We also had to think about unexpected behavior during runtime when the agent is actually doing work. Here, we took a multi-layer security approach, meaning permission controls plus runtime prompt injection mitigations.

Prompt injection protection: Prompt injection is one of the biggest and most well-known challenges for AI agents. While it remains an unsolved problem, we don’t design our system assuming that all prompt injections will get caught (though we catch many of them). Instead, we designed it such that we have layered controls to block the impact of prompt injection while paying special attention to tagging and monitoring external data to identify potential attacks. In the event that something looks suspicious or the agent performs actions that indicate a potential attack, we can stop the agent and ask a user for confirmation.

Warning system: When the agent is about to do something potentially risky, it pauses and asks the user first. How this happens depends on if the user is configuring the agent or running the agent. When configuring an agent that might do something risky, we give users a set of pop-ups that can range from a simple confirmation to needing to get workspace admin approvals. When the agent does something risky during runtime, we force it to confirm that action with an owner of the custom agent. This work mirrors our multi-pronged approach to permissions and security broadly across our platform.

Remediation (i.e. a delete button): If an agent does mess up, like if it posts something incorrect to Slack, the agent owner can delete those message. This sounds simple but it’s important to give users a way to undo damage if it happens, not just prevent it.

To get to this model, we ran an extensive alpha-testing program, both internally across Notion and externally with customers. We specifically wanted to stress-test how security worked in practice at increasing scale. By the end of our alpha testing period, Notion internally had more than 3,000 Custom Agents and our alpha customers had created more than 25,000.

We learned some lessons very quickly. For example, early internal versions of Custom Agents encouraged users to be too permissive without understanding the potential consequences. Users ended up giving agents broad write access to Slack, and on several occasions, those agents even posted to #general (the agent knows every Slack workspace has #general!), the company-wide channel with hundreds of people in it.
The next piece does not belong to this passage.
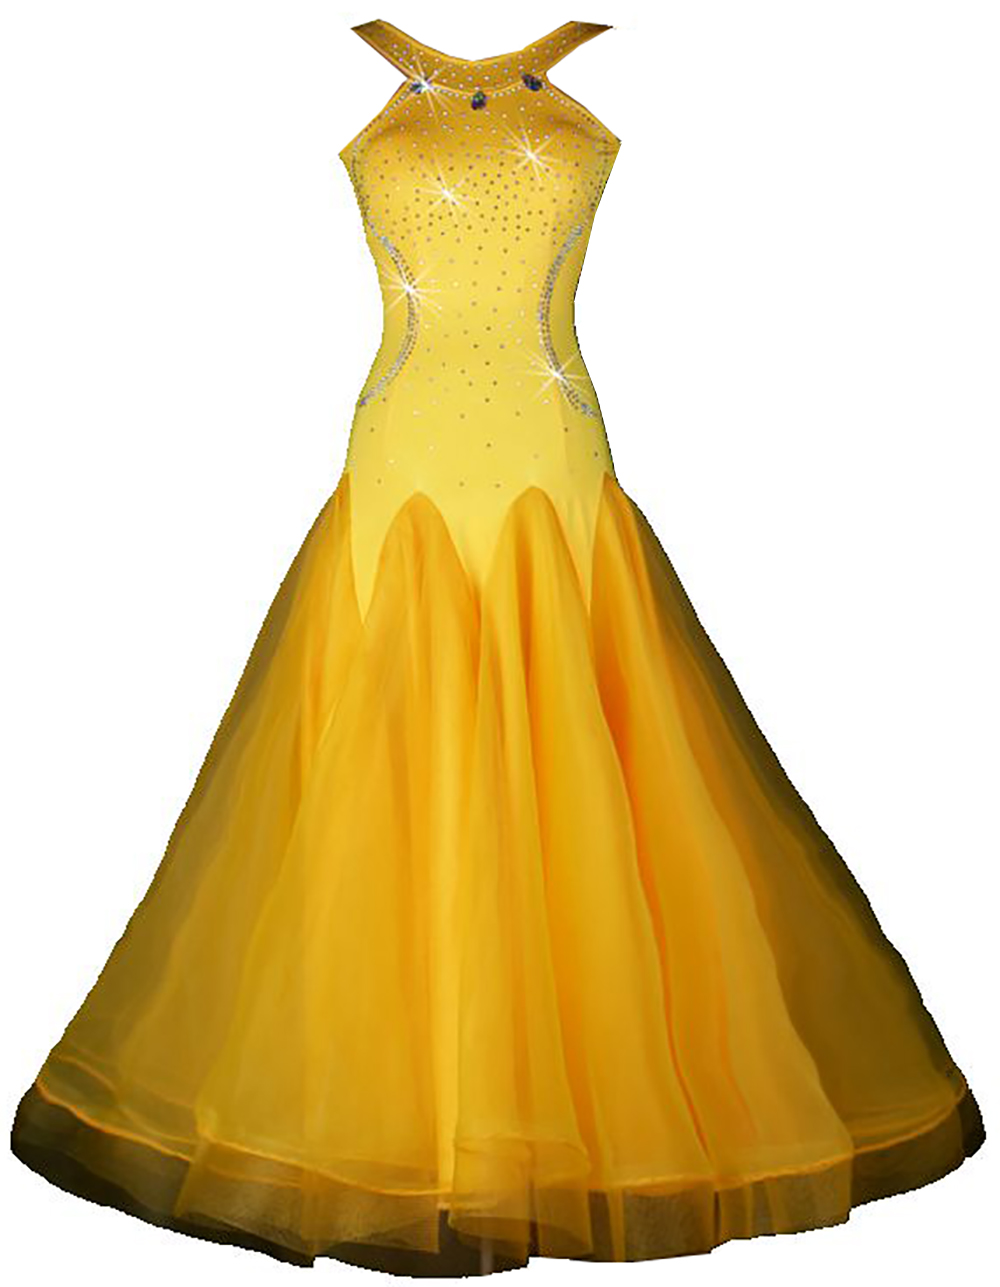 ballroom waltz dresses yellow competition ballroom dresses waltz ...

Clearly, this was not the users’ intent! This is what led us to introduce a new custom “read and reply” permission for Slack that allows agents to reply on to threads they were triggered in explicitly. We view it as our job to introduce permissions like this that allow users to safely get their work done, instead of forcing users to "allow everything".
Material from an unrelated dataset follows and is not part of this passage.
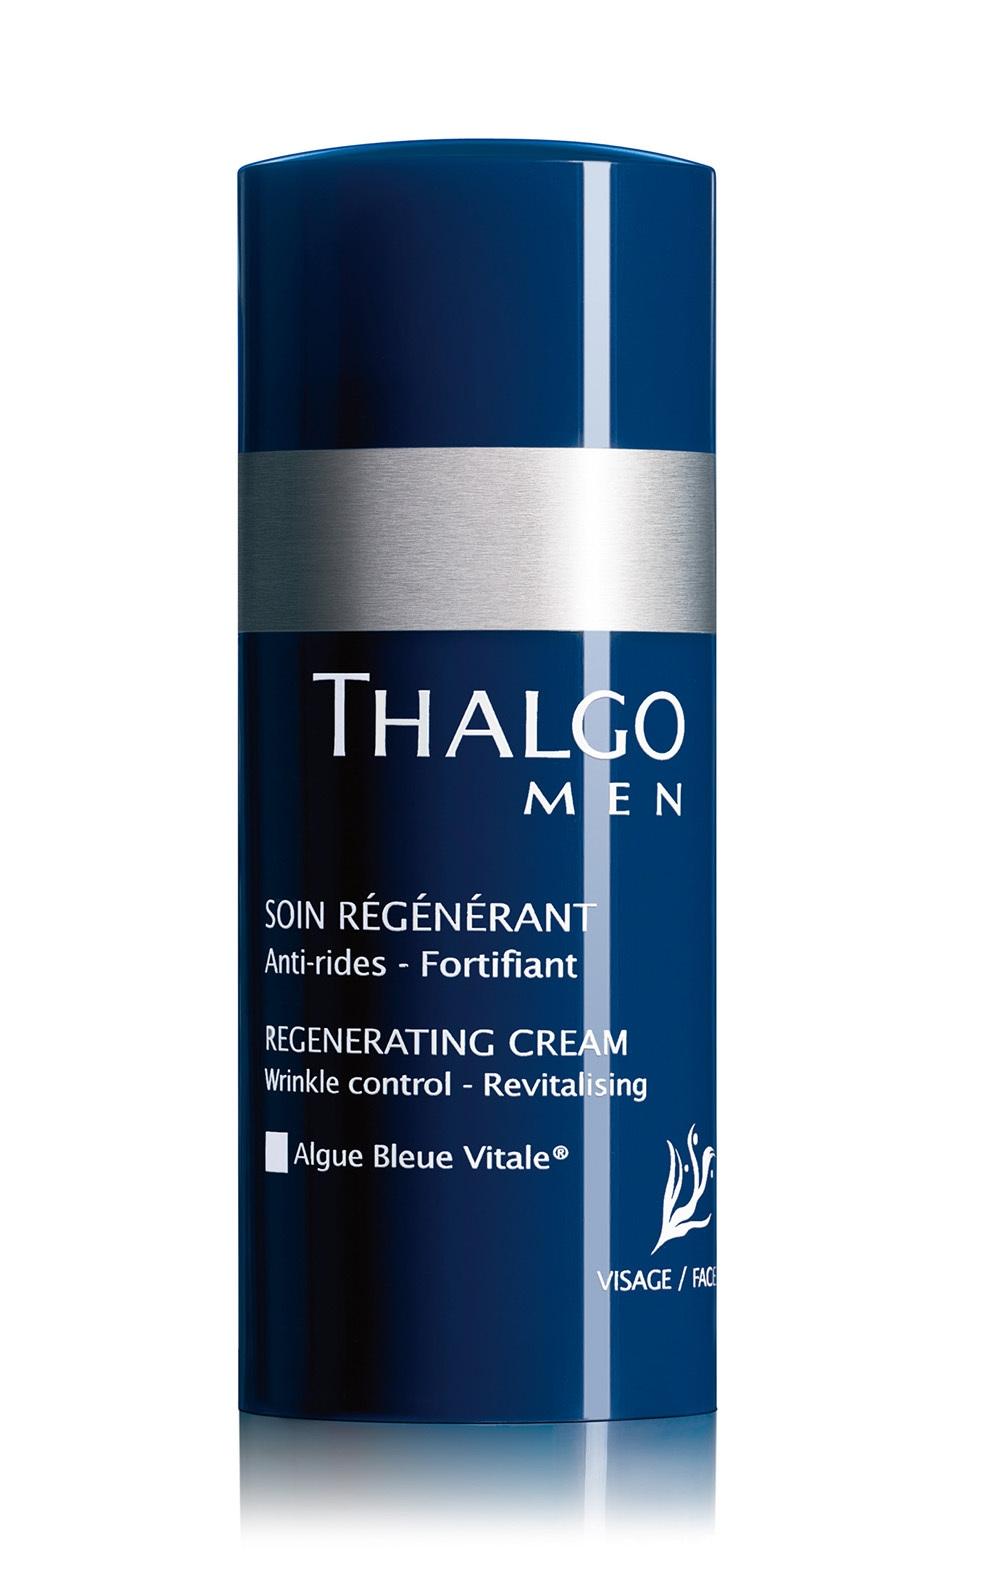 Thalgo Тальгомен восстанавливающий крем Regenerating Cream, 50 мл

This also led us to the deliberate decision to build some first-party integrations, rather than relying solely on MCPs. As already discussed, because most MCPs today are designed more for single-player use cases, they generally don’t natively handle resource-based permissions or triggers. Building first-party integrations gave us the control to enforce our permission model without extra work for our customers.

One thing we're especially proud of: through this process, our own security team has become one of the most active internal users of Custom Agents. For example, they built an agent called "Scruff bot" to triage and enrich security alerts, and they're using agents for AppSec automation, generating code fixes and running adversarial tests. It’s been a true collaboration between our AI product team and our security team.

Launch was just the beginning, and we’re investing heavily in better safety and security safeguards as our products and the entire field moves forward quickly. Our Custom Agents beta period over the next couple of months will also help us to continue to improve alongside our customers.

In the coming weeks and months, we expect to tackle:

• Reintroducing broader permission scopes which require workspace admin approval for advanced use cases

• Extend granular permission capabilities to external integrations built on the Workers platform

• Consider additional permission modes for different use cases once more guardrails are in place

We’re still in the early phases of building out this technology, and we welcome feedback from the community on how to improve.